Same here, the more the better right now I'm at 86


----------



## Y.T. (Sep 27, 2011)

willsm89 said:


> Speed is not the issue with me.  Its kinetic energy



x2.  Looking for the smack.


----------



## FlipKing (Sep 27, 2011)

B Kirkpatrick said:


> Same here, the more the better right now I'm at 86



How do you measure KE?


----------



## The Arrow Guru (Sep 27, 2011)

FlipKing said:


> How do you measure KE?



weight X speed X speed / 450240 = KE
For instance the CRX 32 I just set up shoots a 400 grain arrow 280 fps so......

400 X 280 X 280 = 31360000/450240 = 69.65lbs KE

KE energy is more accuratly a measurment of how efficient your bow is. You can take arrows weighing from the min 5 grains per pound to a heavy arrow and do this calculation and you will find the number will not change much. When you use a heavier arrow you will change momentum. The heavier arrow has more mass and will retain its energy longer than a lighter one. So even though the lighter arrow comes out of the bow faster, it looses it's speed and energy faster too. There fore the heavier arrow although slower out od the bow will actuall be going faster down range because of it retaining it's energy better. Hope this helps. Or I might have just confused everybody. It makes sense in my head.


----------



## lungbuster123 (Sep 27, 2011)

Im at 292-295 with 74lbs of KE with a 390 grain arrow...im happy with that.


----------



## Y.T. (Sep 27, 2011)

Big- Sounds good, that was well said.

Only thing I would add is that kinetic is energy-in-motion.


----------



## B Kirkpatrick (Sep 27, 2011)

Whats the fourlma for momentum?


----------



## solocam678 (Sep 27, 2011)

I been bow hunting along time. Realy don't know what kenetic energy is. My bow shoots around 290. But wouldn't a faster bow be able to deliever more kenetic energy?


----------



## FlipKing (Sep 27, 2011)

solocam678 said:


> I been bow hunting along time. Realy don't know what kenetic energy is. My bow shoots around 290. But wouldn't a faster bow be able to deliever more kenetic energy?
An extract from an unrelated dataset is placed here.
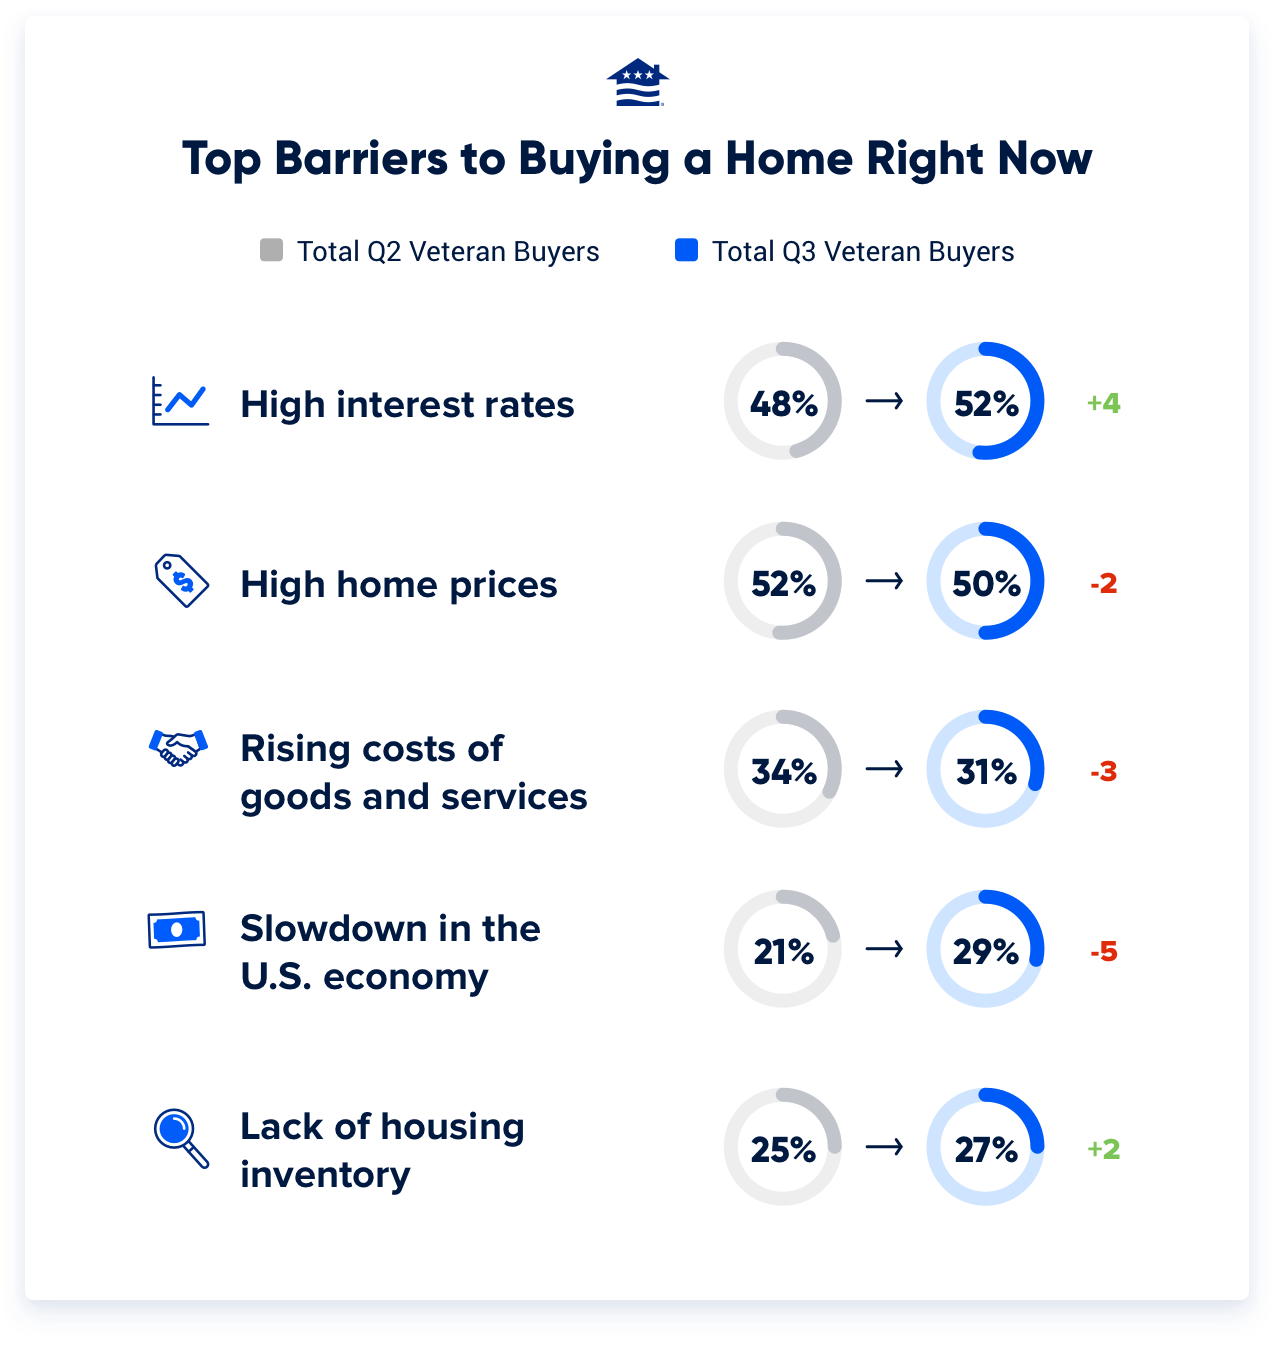 Veterans (Q2) Veterans (Q3) What are the primary barriers to buying a home right now?     High interest rates 48% 52% High home prices 52% 50% Decline in stock prices 8% 8% Loss of a job 6% 5% Lack of housing inventory 25% 27% Concern about finances right now 16% 17% Concern about finances in the next few years 17% 15% Rising costs of goods and services 34% 31% Slowdown in the U.S. economy 21% 29%AB Costs related to obtaining a new home (ex: closing costs, inspection, appraisal, legal, etc.)  29% 24%

My guess is yes, thought my stance is that Indians killed deer with recurves so a compound bow should have no problem. Though I gained 30 fps with this bow over my last bow, the biggest gain for me was that this bow is quiet, light, and more accurate.


----------



## nhancedsvt (Sep 27, 2011)

Ask the traditional guys how fast a bow needs to be and I'm sure you'll get a lot different answers than you will here. The fact is, it doesn't take much to kill a deer if you have a well placed shot. Speed is cool but it isn't what kills. Personally I'll take a bow that is easy to shoot and quiet over a super fast bow any day...now if all three of those factors just happen to be in the same bow, even better!


----------



## The Arrow Guru (Sep 27, 2011)

solocam678 said:


> I been bow hunting along time. Realy don't know what kenetic energy is. My bow shoots around 290. But wouldn't a faster bow be able to deliever more kenetic energy?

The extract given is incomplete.